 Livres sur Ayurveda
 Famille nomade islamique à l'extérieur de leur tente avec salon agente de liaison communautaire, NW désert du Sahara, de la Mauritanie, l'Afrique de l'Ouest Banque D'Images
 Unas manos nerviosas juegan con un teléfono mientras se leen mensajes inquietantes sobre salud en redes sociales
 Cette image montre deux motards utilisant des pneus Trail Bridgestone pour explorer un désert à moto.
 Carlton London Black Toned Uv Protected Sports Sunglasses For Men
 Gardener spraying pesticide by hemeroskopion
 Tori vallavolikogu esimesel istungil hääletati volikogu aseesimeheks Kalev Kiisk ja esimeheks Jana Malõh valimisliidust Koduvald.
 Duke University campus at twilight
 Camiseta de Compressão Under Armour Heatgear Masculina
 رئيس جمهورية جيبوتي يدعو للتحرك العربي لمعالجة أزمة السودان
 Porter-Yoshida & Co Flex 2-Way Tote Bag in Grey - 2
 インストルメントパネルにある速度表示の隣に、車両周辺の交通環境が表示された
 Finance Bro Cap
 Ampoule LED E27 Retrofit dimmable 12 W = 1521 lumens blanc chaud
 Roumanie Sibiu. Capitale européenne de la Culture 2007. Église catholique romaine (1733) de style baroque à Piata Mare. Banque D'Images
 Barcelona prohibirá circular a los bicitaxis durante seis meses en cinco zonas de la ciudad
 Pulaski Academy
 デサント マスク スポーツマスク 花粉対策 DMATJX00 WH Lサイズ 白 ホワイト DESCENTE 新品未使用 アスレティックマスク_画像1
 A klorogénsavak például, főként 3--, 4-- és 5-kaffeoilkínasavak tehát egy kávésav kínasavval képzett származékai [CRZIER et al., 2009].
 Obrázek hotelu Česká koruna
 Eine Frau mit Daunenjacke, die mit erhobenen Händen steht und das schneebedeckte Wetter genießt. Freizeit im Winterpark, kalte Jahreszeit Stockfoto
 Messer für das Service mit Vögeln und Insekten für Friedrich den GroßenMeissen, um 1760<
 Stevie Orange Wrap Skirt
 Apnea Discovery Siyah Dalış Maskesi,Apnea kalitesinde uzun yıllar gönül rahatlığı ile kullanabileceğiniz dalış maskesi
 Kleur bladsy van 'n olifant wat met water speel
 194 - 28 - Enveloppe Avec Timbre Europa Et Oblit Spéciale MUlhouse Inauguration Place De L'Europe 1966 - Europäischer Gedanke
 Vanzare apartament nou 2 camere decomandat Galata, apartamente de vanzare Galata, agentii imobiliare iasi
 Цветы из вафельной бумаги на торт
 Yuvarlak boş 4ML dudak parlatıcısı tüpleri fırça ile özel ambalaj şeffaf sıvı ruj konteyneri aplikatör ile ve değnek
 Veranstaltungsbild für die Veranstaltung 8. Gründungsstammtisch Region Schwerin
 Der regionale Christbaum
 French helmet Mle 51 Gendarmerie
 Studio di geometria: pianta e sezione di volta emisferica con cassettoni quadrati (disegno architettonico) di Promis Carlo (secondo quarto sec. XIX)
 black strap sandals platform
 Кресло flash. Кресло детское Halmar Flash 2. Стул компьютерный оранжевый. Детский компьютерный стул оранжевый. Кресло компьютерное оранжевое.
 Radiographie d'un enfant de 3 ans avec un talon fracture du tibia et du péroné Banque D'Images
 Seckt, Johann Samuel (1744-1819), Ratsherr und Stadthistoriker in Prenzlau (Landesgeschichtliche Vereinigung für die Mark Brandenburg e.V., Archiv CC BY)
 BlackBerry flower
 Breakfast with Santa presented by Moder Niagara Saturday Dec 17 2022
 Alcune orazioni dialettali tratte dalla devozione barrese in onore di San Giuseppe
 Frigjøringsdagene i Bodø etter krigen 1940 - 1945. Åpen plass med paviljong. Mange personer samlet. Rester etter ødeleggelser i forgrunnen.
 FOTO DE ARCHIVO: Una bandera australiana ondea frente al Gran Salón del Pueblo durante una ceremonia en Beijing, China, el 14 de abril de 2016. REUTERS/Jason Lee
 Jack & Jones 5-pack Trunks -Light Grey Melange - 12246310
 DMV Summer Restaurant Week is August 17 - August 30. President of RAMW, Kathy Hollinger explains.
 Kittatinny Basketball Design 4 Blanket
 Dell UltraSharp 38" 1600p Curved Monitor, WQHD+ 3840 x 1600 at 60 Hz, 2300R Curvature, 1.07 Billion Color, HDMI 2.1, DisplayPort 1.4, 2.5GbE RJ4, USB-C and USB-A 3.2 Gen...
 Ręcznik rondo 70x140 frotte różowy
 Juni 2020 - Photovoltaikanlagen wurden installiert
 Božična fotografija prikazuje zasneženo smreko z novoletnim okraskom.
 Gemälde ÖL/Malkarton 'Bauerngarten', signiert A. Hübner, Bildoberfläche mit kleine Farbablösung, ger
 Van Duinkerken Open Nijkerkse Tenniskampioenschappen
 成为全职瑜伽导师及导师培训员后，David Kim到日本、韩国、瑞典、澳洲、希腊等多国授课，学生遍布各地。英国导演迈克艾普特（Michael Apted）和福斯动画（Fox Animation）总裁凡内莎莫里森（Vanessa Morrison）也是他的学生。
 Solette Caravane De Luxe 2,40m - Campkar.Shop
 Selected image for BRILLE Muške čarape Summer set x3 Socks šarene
------------------------------------
§ **TASK DIRECTIONS**
Your answer should be the lines of the listing above between the line holding "Кресло flash. Кресло" and the line holding "BlackBerry flower", inclusive, restated word for word and alone.

§ **SOLUTION TO THIS EXERCISE**
 Кресло flash. Кресло детское Halmar Flash 2. Стул компьютерный оранжевый. Детский компьютерный стул оранжевый. Кресло компьютерное оранжевое.
 Radiographie d'un enfant de 3 ans avec un talon fracture du tibia et du péroné Banque D'Images
 Seckt, Johann Samuel (1744-1819), Ratsherr und Stadthistoriker in Prenzlau (Landesgeschichtliche Vereinigung für die Mark Brandenburg e.V., Archiv CC BY)
 BlackBerry flower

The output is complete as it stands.